= Bob Scobey =

American jazz trumpet player (1915–1976)

Robert Alexander Scobey Jr. (December 9, 1916 - June 12, 1963) was an American jazz trumpet player of traditional or Dixieland music based originally in the San Francisco area and later in Chicago, Illinois. He was born in Tucumcari, New Mexico, and died in Montreal, Quebec, Canada.

==Early life==
Scobey was born in Tucumcari, New Mexico in 1916 but his family moved to Stockton, California before his first birthday and lived there until 1930. His mother bought him a cornet when he was nine. He practiced enough to be in the school band, but thought he wanted to be a chemist. After his family moved to Berkeley, California in 1930, his high school band director recognized his ability and encouraged him to study with good musicians. He studied with the band director, then with a former member of the Goldman band and then a member of the San Francisco Symphony. After high school graduation in 1934, he decided to be a musician after realizing that musicians made more money than chemists.

==Professional life==
He began his career playing in dance orchestras, theater pit bands, and nightclubs in the 1930s. In 1938, he joined a band organized by trumpeter Lu Watters to play in Sweet's Ballroom in Oakland, California. Two years later, when Watters organized the traditional jazz band, the Yerba Buena Jazz Band, he joined it. (Yerba Buena was the original name for San Francisco, California.) Except for three and a half years, from 1942 to 1946, when Scobey served in the U. S. Army during World War II, he remained in the band. In addition to Watters and Scobey, the band included Bob Helm, Clancy Hayes, Squire Girsback, Russ Bennett, and Turk Murphy. Jazz critic and producer Nesuhi Ertegun says, "Waters and Scobey, with Turk Murphy on trombone, were to constitute one of the most powerful and exciting brass teams in the history of traditional jazz." The two trumpet players, Watters and Scobey, switched back and forth playing first and second trumpet during this period. In 1946 the reorganized band performed in the Dawn Club in San Francisco, then the next year moved to Hambone Kelly's in El Cerrito across the bay.

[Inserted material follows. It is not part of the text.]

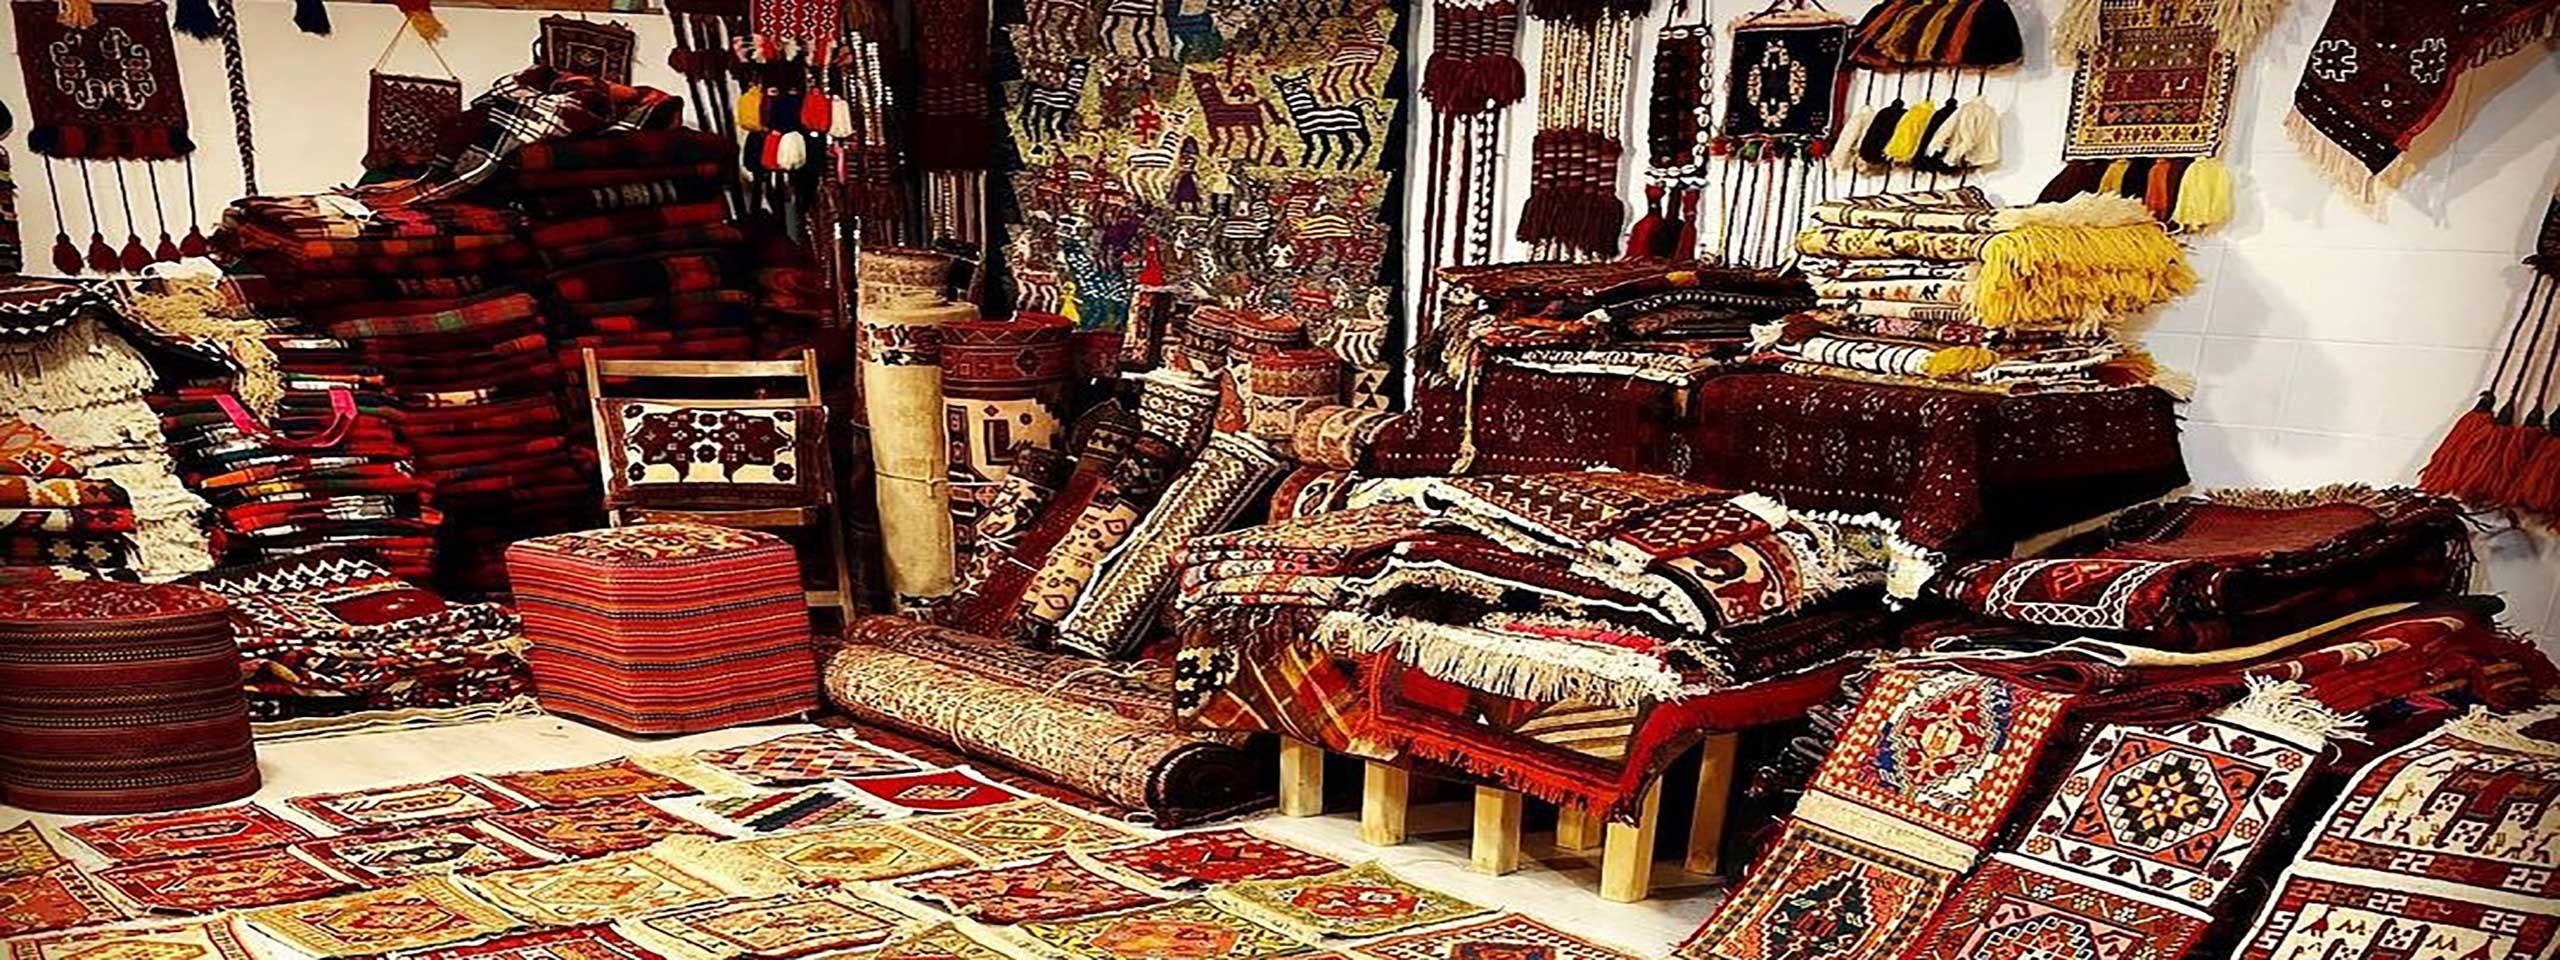 What is a Persian carpet and what are the types of Persian carpets?

In late 1949 he left to lead his own band, Bob Scobey's Frisco Band because he was tired of the volume and regular two-beat rhythm of Watters. Clancy Hayes joined the band to sing and play banjo. Scobey was a natural leader, full of new ideas and new tunes. He was complemented by Hayes, "whose lazy southern charm" defined the band. The collaboration recorded over two hundred tracks, including Hayes' own compositions, such as "Huggin' and a Chalkin'," before he left in 1959 to follow a solo career.

From 1950, the group had a three-year residency at Victor & Roxie's in Oakland, California, where the band "met with instant and rapidly growing public support." The band also started recording on the Good Time Jazz label in April 1950. The Frisco Band was broadcast in 1952 and 1953 on Rusty Draper's television show. In 1953, Louis Armstrong sang with them at the Pasadena Civic Auditorium. In 1953 the band moved to one of the largest nightclubs on the west coast, the Rancho Grande in Lafayette, California, near Berkeley. From 1954-57, African-American blues singer Lizzie Miles recorded and toured with the band.

In 1955, Scobey and his band played dates at San Quentin Prison and at the Rancho Grande in Lafayette, California — a sizable roadhouse with a dance floor. In 1957, he recorded for Verve Records and RCA Victor. An important and successful album for RCA was Bing with a Beat recorded with Bing Crosby in 1957. From early in 1956, he toured colleges and universities and, in 1958, he recorded many of the student favorites in New York, the album College Classics (RCA Victor LPM 1700).

In 1959 Scobey and the band moved to his own club, Club Bourbon Street in Chicago, and toured extensively in the Midwest, Las Vegas, New York, and San Francisco. While touring in 1960, he was reportedly drinking half and half or heavy cream to ease the pain in his stomach.

He died of cancer on June 2, 1963 in Montreal, Canada, where he had gone for an experimental cancer treatment.

==Death==
Scobey died of cancer in 1963 in Montreal, Canada. His wife Jan produced a biography entitled He Rambled!, and arranged for his band to form again and record some blues songs. She also saw to the reissuing of his albums.

==Sources==
- Carr, I, Fairweather D, Priestley, P. (2000). Jazz: The Rough Guide. Rough Guides. ISBN 1-85828-528-3
- Ertegün, Nesuhi. (1952). Bob Frisco's Band Part II [Album]. Good Time Jazz.